UPDATE 4/17: the below fix and discussion is specific to our own notebooks posted above in this thread. The official pascal_multi notebook has the correct implementation and does not need to be changed. I will be updating my notebooks going forward to sync up with the official version. Sorry for any confusion.
Found the issue! (…well, at least one issue :))
@jeremy, your suspicion was correct - our flatten_conv function was not correctly lining up the order of anchor/prediction bboxes with that of the receptive fields.
Anchor/prediction boxes were incrementing by going top–>down each column first and then the next-right column while the receptive fields were going left–> right first and then down to the next row.

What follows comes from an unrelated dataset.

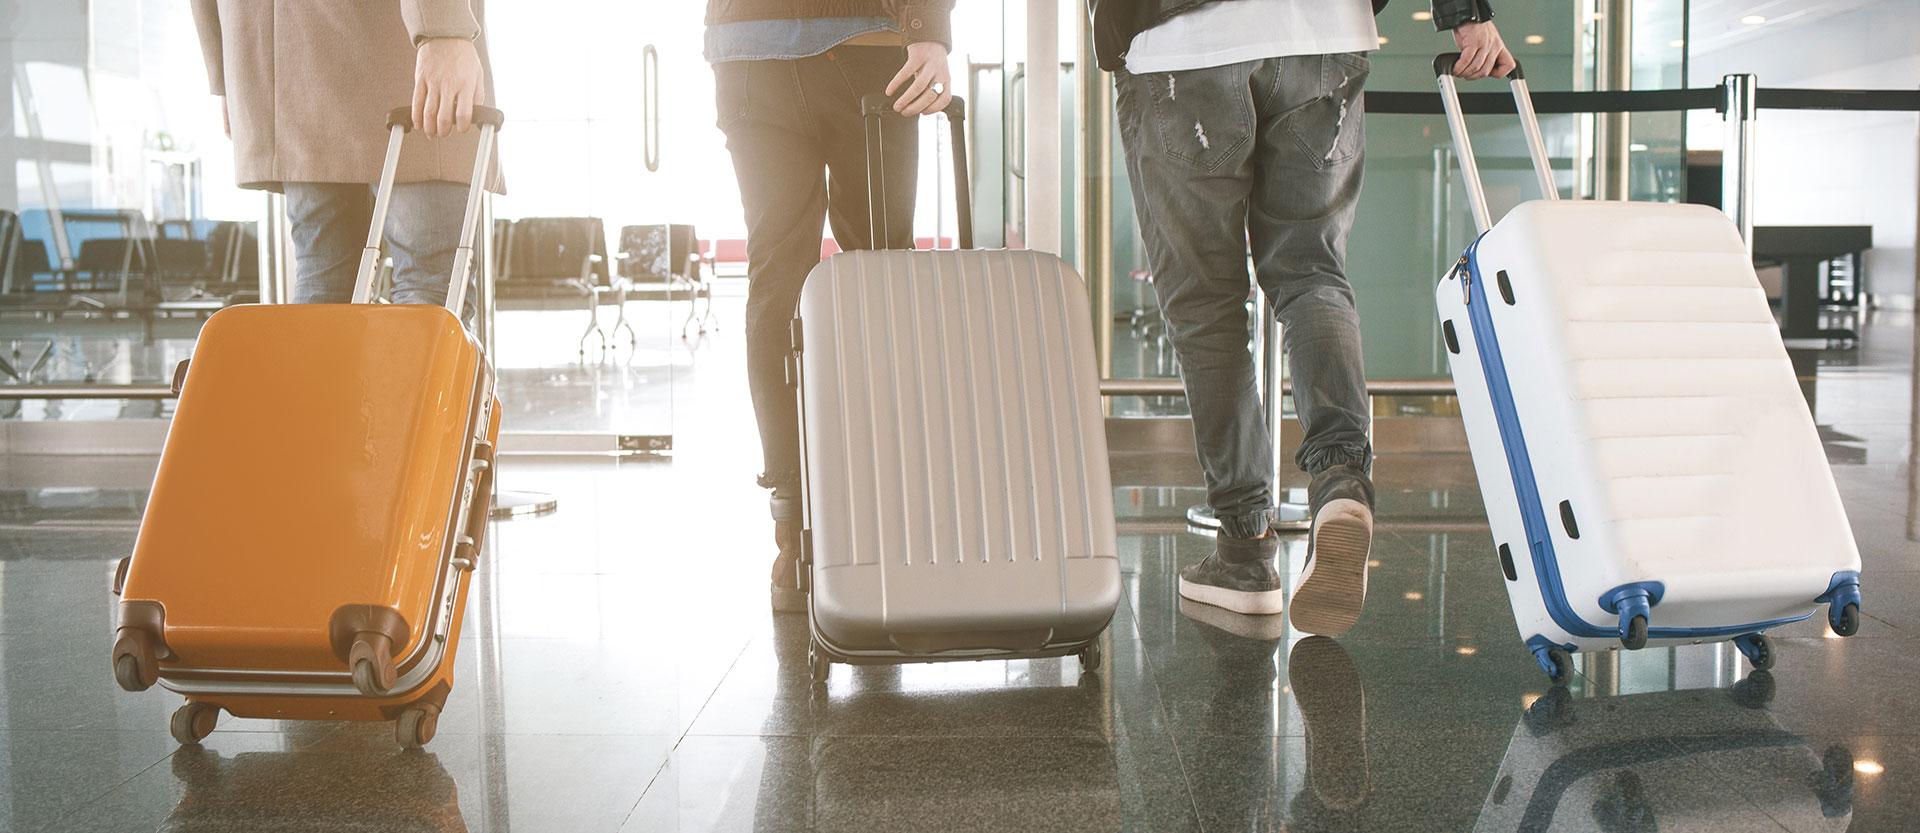 Drei Menschen mit Koffer am Flughafen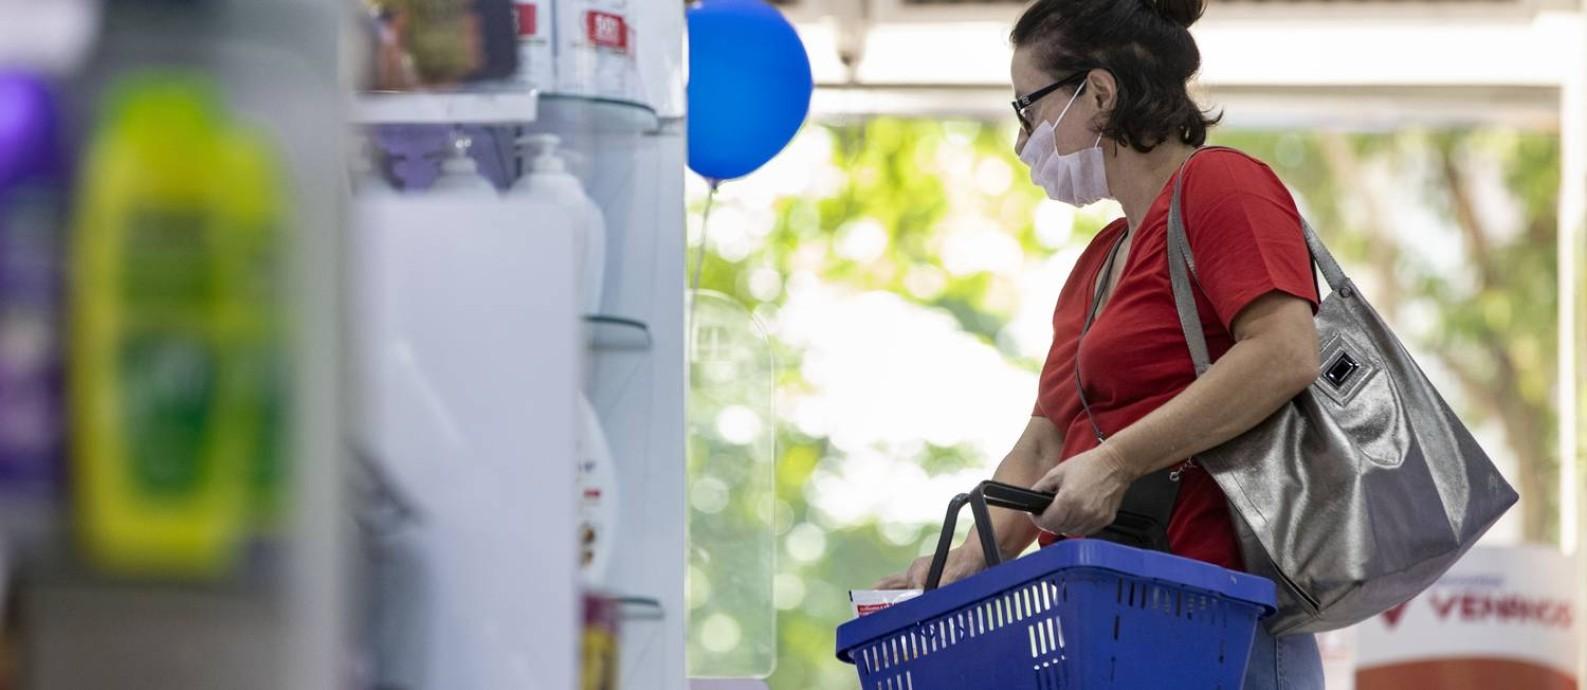 Cloroquina, medicamento contra doenças autoimunes, está em falta em todas as farmácias do Rio. Foto Ana Branco / Agencia O Globo Foto: Ana Branco / Agência O Globo

The fix is to switch the permute dim-ordering (
x.permute(0,3,2,1) instead of
x.permute(0,2,3,1) so that we are transposing the order of our prediction boxes as we flatten our outbound convolutions:
bs,nf,gx,gy = x.size()
x = x.permute(0,3,2,1).contiguous()
Running my baseline pascal-multi notebook, this improved mAP from 30.4% to 32.4%
In my best performing FPN variant so far, the fix improved mAP from 31% to 35.7%! Notebook link coming soon…
On visual inspection, the effect of the bug is obvious (but only in retrospect…). I was seeing a lot of weird localization errors like this:
After the fix:
No more sheep in the trees!
This bug has the greatest effect where gt objects are clustered to the bottom left or top right and our prediction boxes are transposed to the other side of the diagonal. The prediction bboxes still tried to make their way towards maximum IoU with ground truth but there was only so far they could go due to the center and height/weight constraints we set.
It wasn’t that obvious by just comparing the average localization and classification loss values:
loc: 1.8269546031951904, clas: 3.6849770545959473
loc: 1.8288934230804443, clas: 3.7000365257263184
Now we’re in business! I’m sure there are still issues/tweaks to be made on the FPN side of things so I’m looking forward to seeing how high we can push the mAP.